- Information shown:
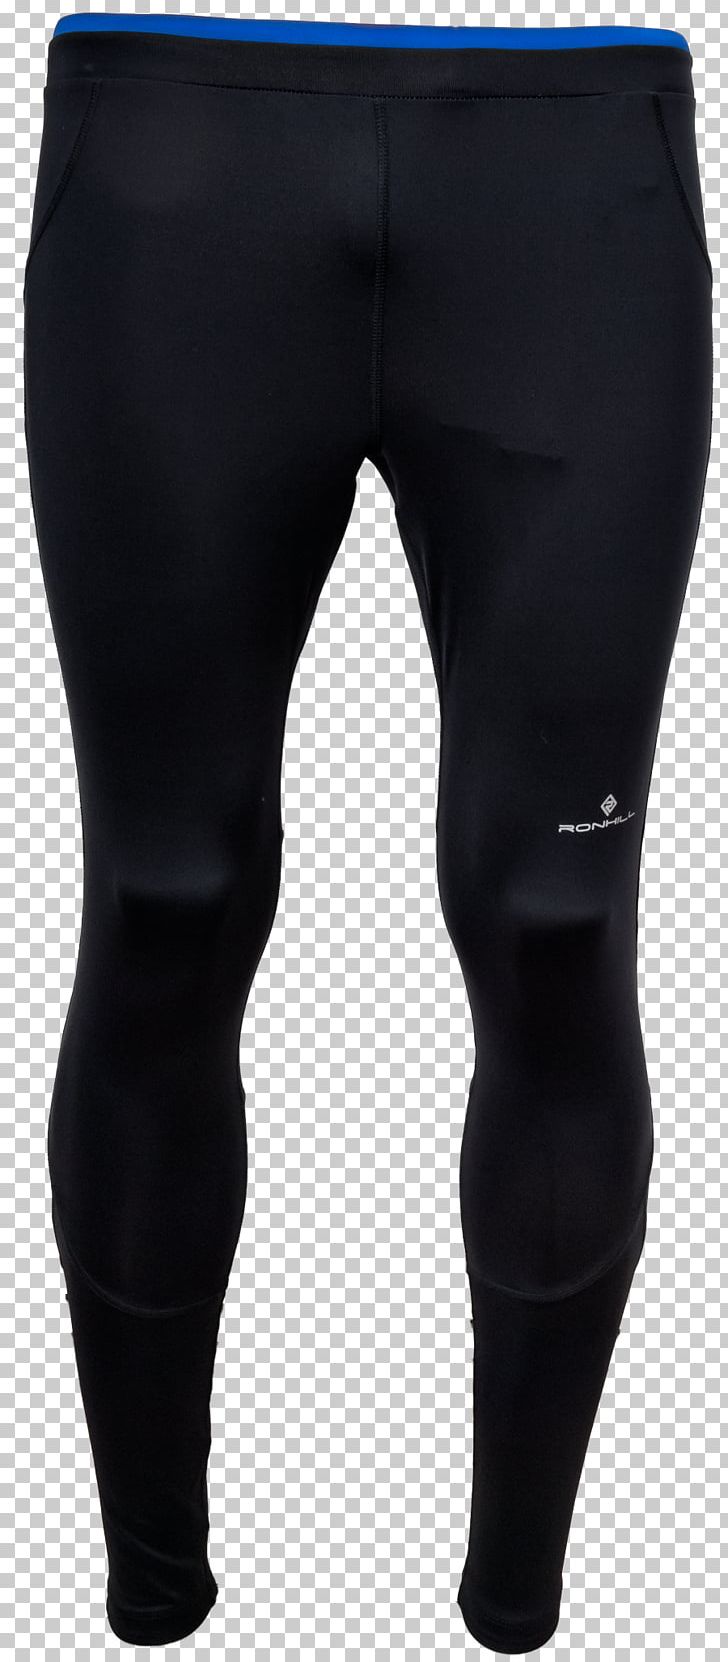 Leggings Waist PNG, Clipart, Leggings, Others, Thigh, Tight, Tights Free PNG Download
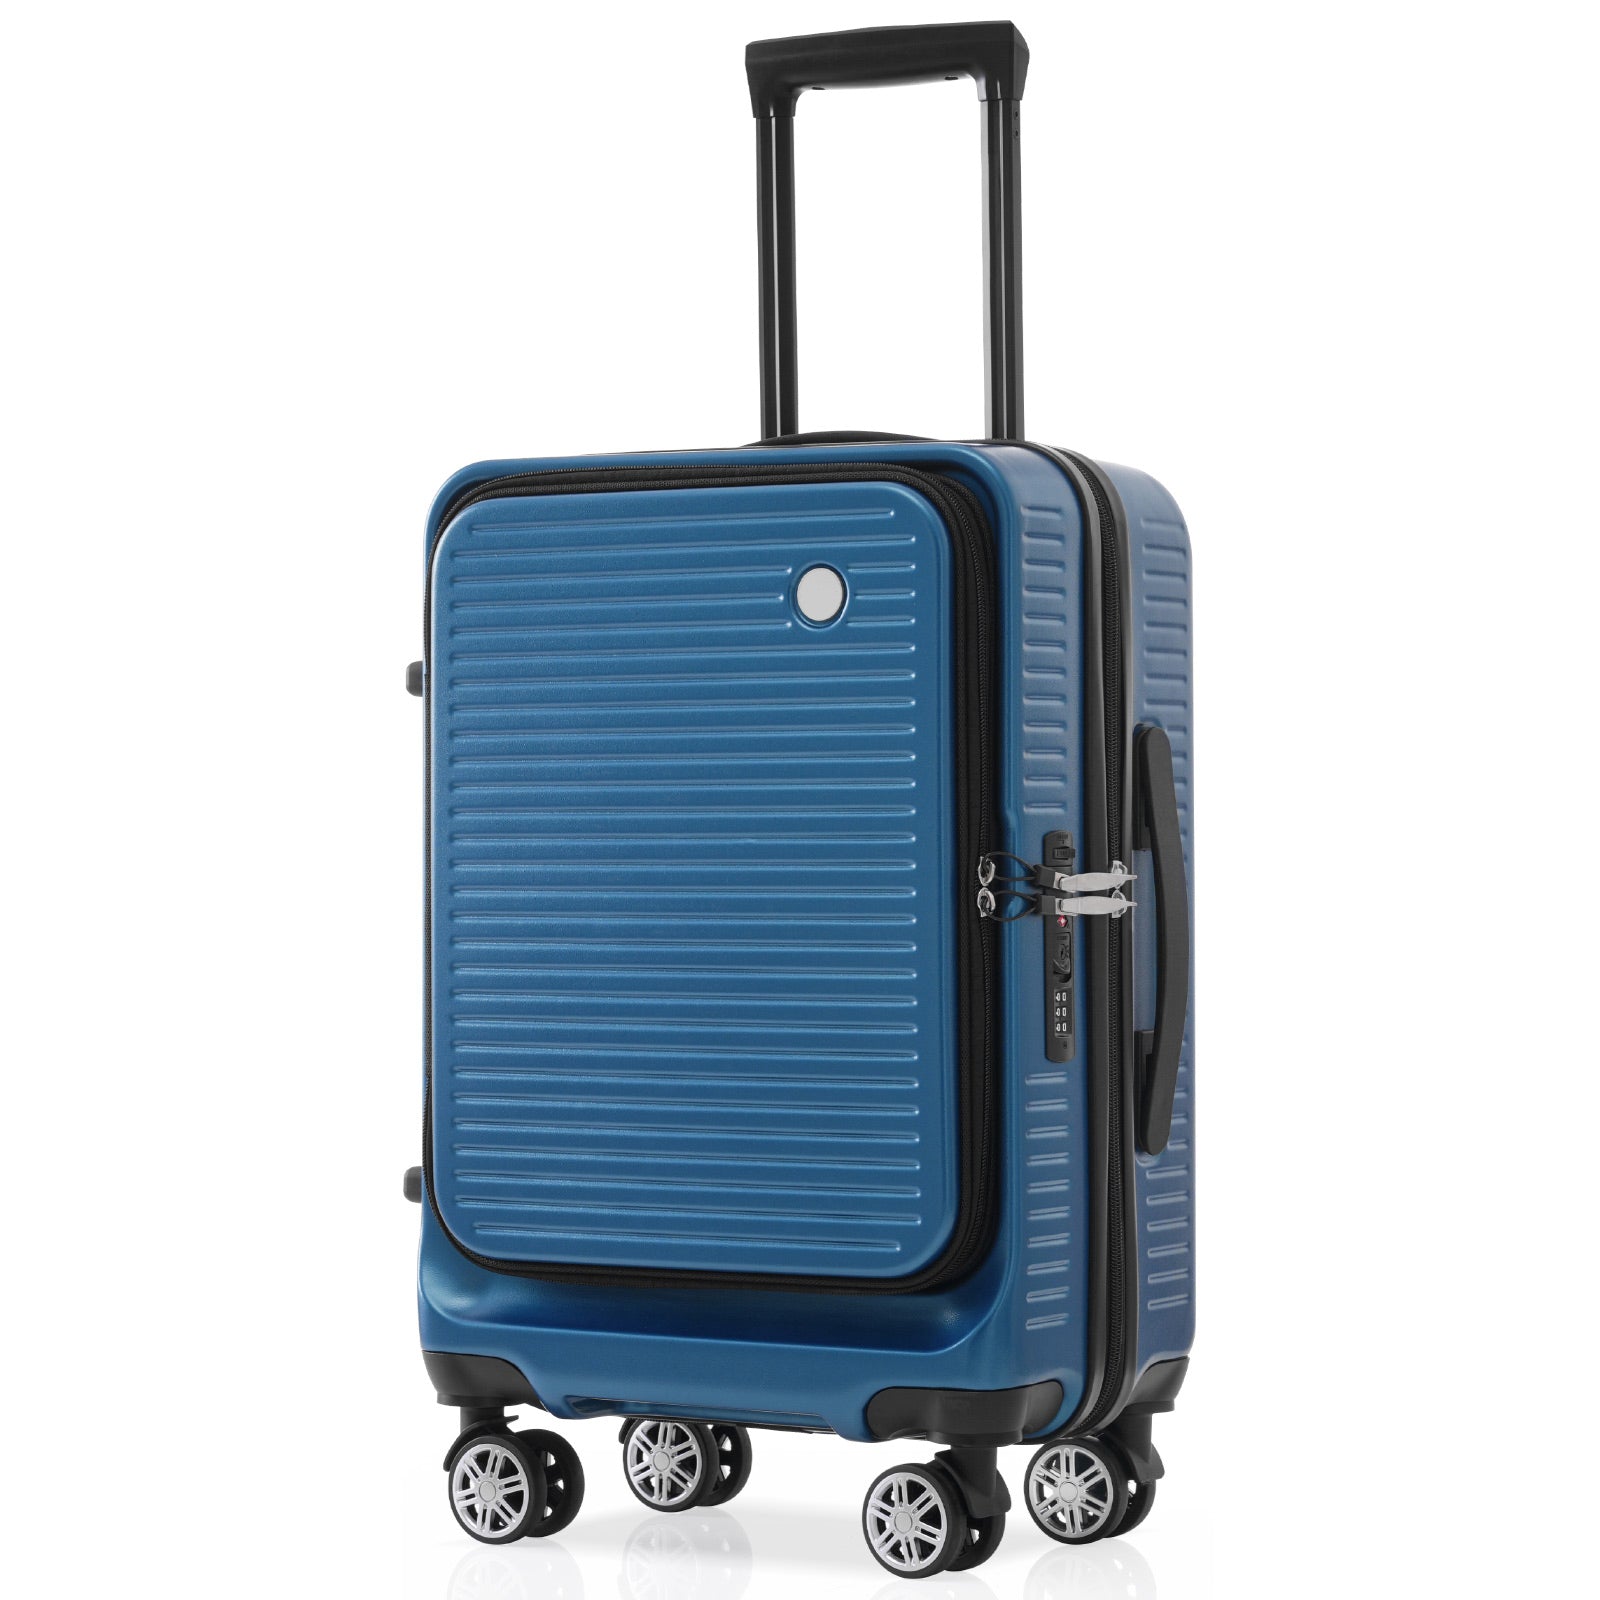 Carry on Luggage 20 Inch Front Open Luggage peacock blue-abs
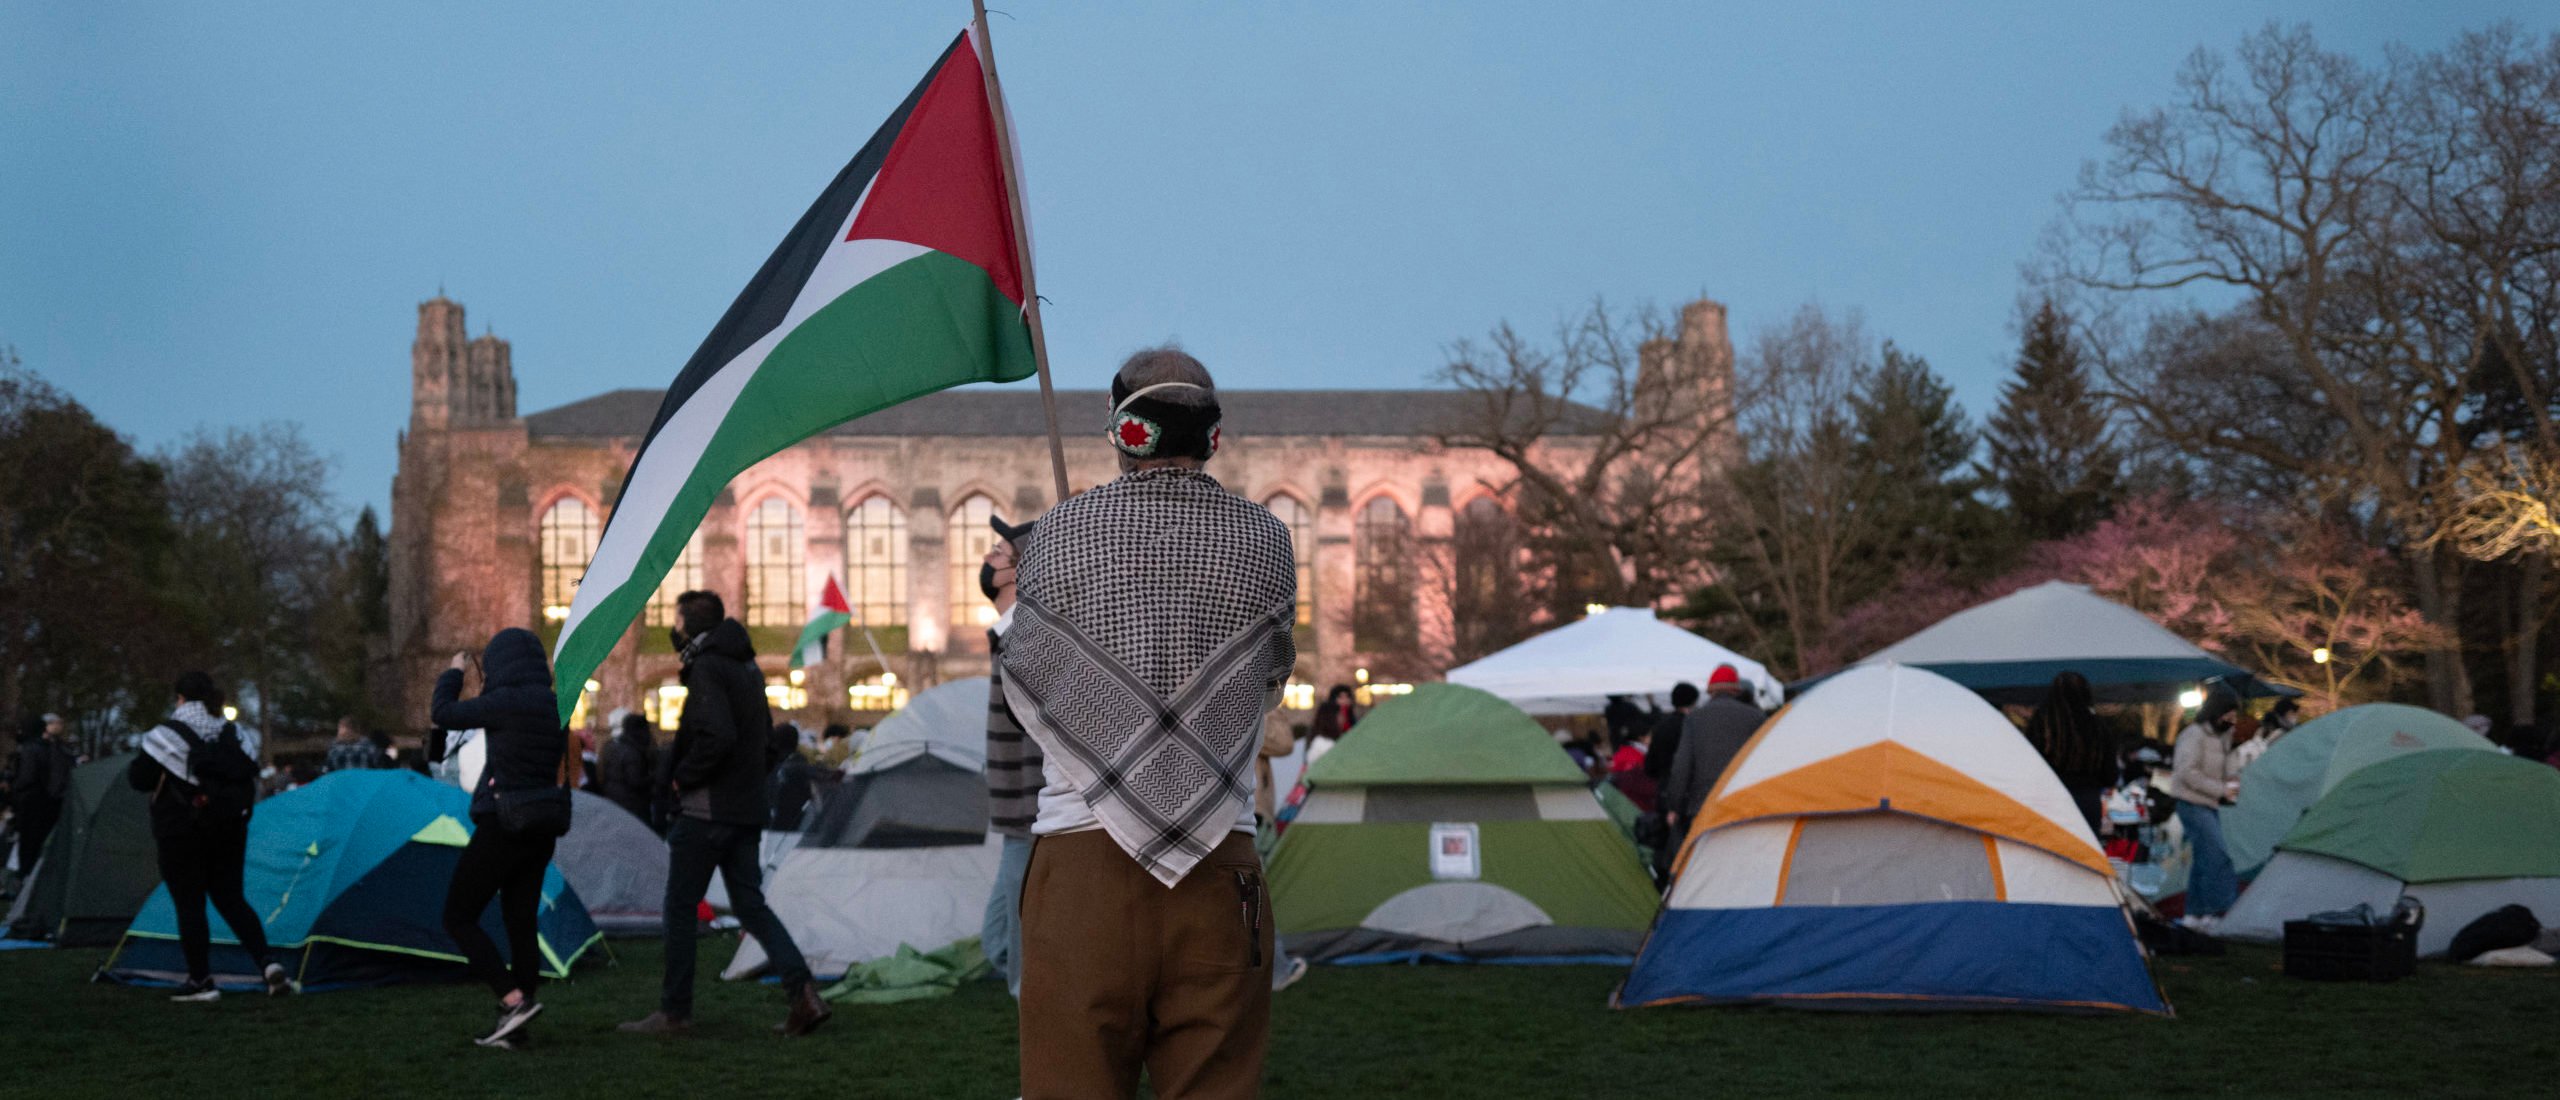 EVANSTON, ILLINOIS - APRIL 25: People rally on the campus of Northwestern University to show support for residents of Gaza on April 25, 2024 in Evanston, Illinois. The rally is among many roiling university campuses across the country in response to the ongoing war in Gaza. (Photo by Scott Olson/Getty Images)

- Exercise description:
Before you return the listing exactly, strip out its pictures.

- Answer to this task:
 Leggings Waist PNG, Clipart, Leggings, Others, Thigh, Tight, Tights Free PNG Download
 Carry on Luggage 20 Inch Front Open Luggage peacock blue-abs
 EVANSTON, ILLINOIS - APRIL 25: People rally on the campus of Northwestern University to show support for residents of Gaza on April 25, 2024 in Evanston, Illinois. The rally is among many roiling university campuses across the country in response to the ongoing war in Gaza. (Photo by Scott Olson/Getty Images)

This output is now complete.